The current Cruise Control integration has no support, via the KafkaRebalance
custom resource, to allow moving these replicas out of the target brokers before the scaling down happens.
When the Apache Kafka cluster is scaled up, it should be possible to use the Cruise Control integration to run a rebalancing by moving some replicas to the newly added brokers without involving the already existing ones. This would provide a faster rebalancing, not involving the entire cluster.
Not stopping the scaling down operation when replicas are hosted on the target brokers to remove is not part of this proposal but it should be possible to move replicas out of the target brokers before the scaling down happens.
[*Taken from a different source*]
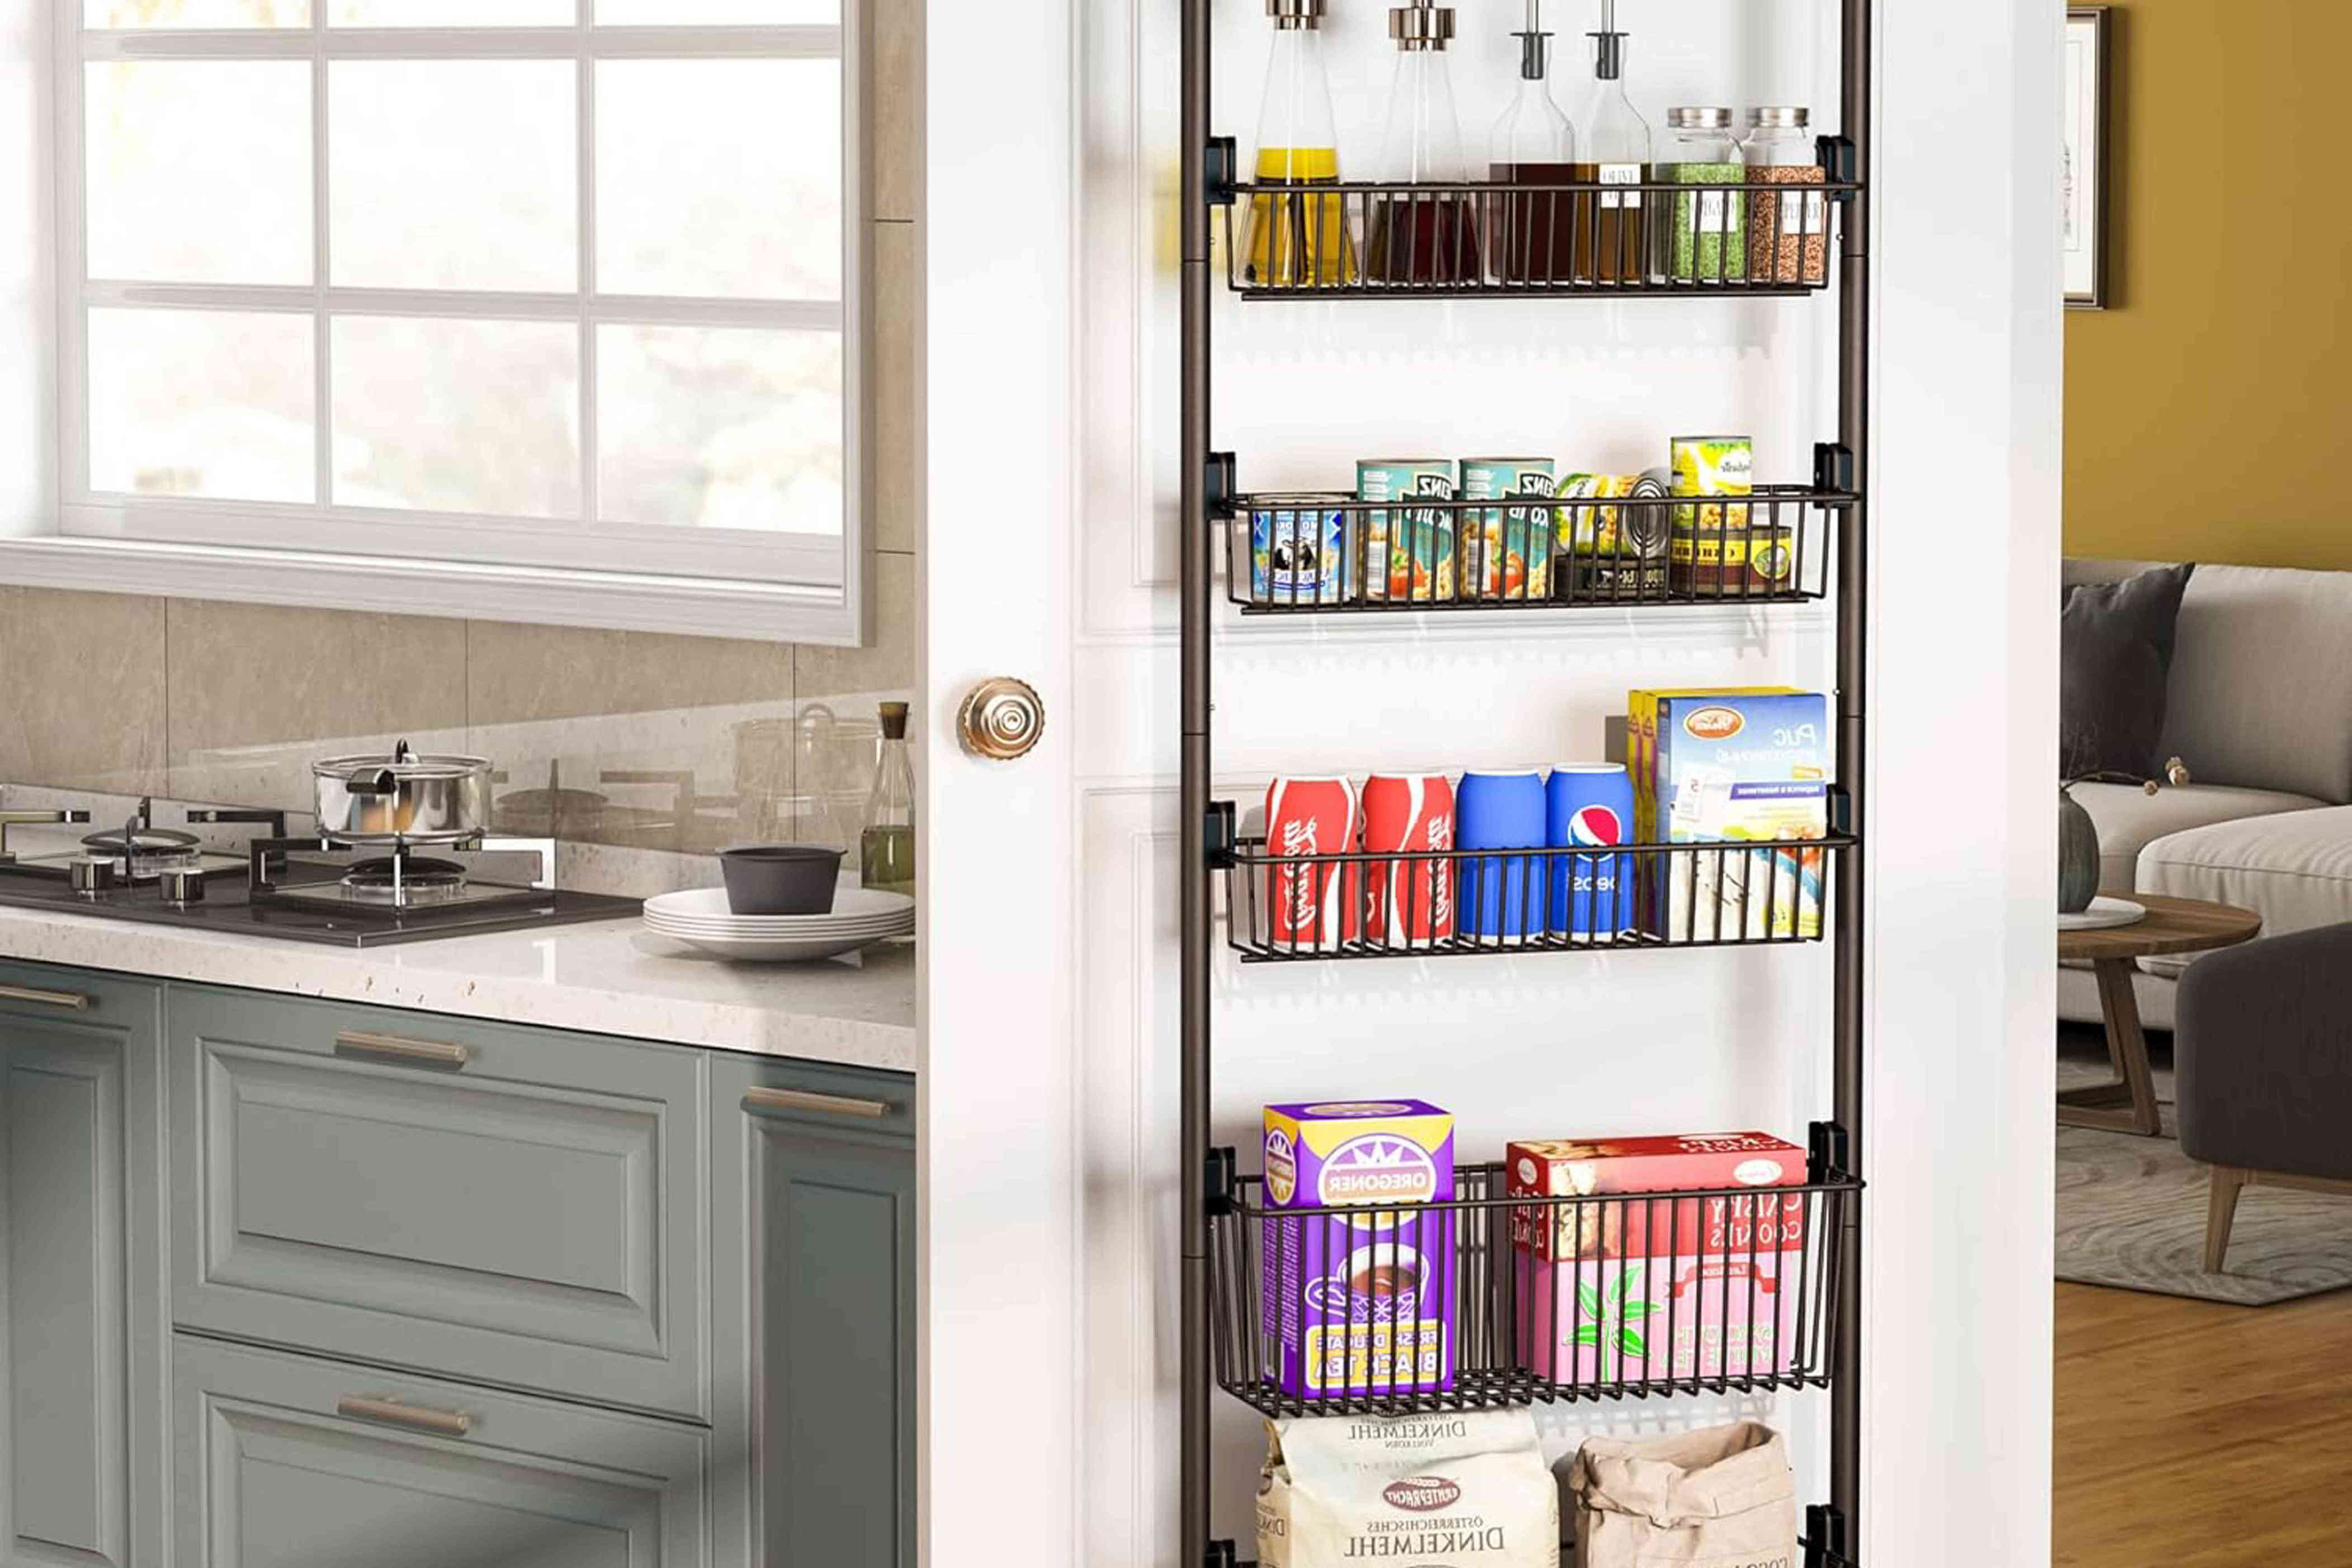 We Found Deals on Food Storage and Organization Products That Will ...

It would allow to remove "empty" brokers which are not hosting any replicas, avoiding less ISR problem.
Cruise Control provides two specific HTTP REST endpoints to rebalance a cluster when scaling up or down:
/add_broker
: this endpoint allows to trigger a rebalancing operation by moving replicas from the already existing brokers to the new ones but not moving them among existing brokers. It can be used right after the scaling up, for getting a proposal (as dryrun) and running the actual rebalancing./remove_broker
: this endpoint allows to trigger a rebalancing operation by moving replicas out from the target brokers to remove, in order to leave them "empty" and not hosting any replicas. It can be used just before the scaling down, for getting a proposal (as dryrun) and running the actual rebalancing.
In order to use the above two endpoints in the Strimzi cluster operator, they would be added to the CruiseControlApi
interface and developing the corresponding implementation.
The current usage of the KafkaRebalance
custom resource allows to get an optimization proposal and start a full-rebalance with data movement across all the brokers in the cluster.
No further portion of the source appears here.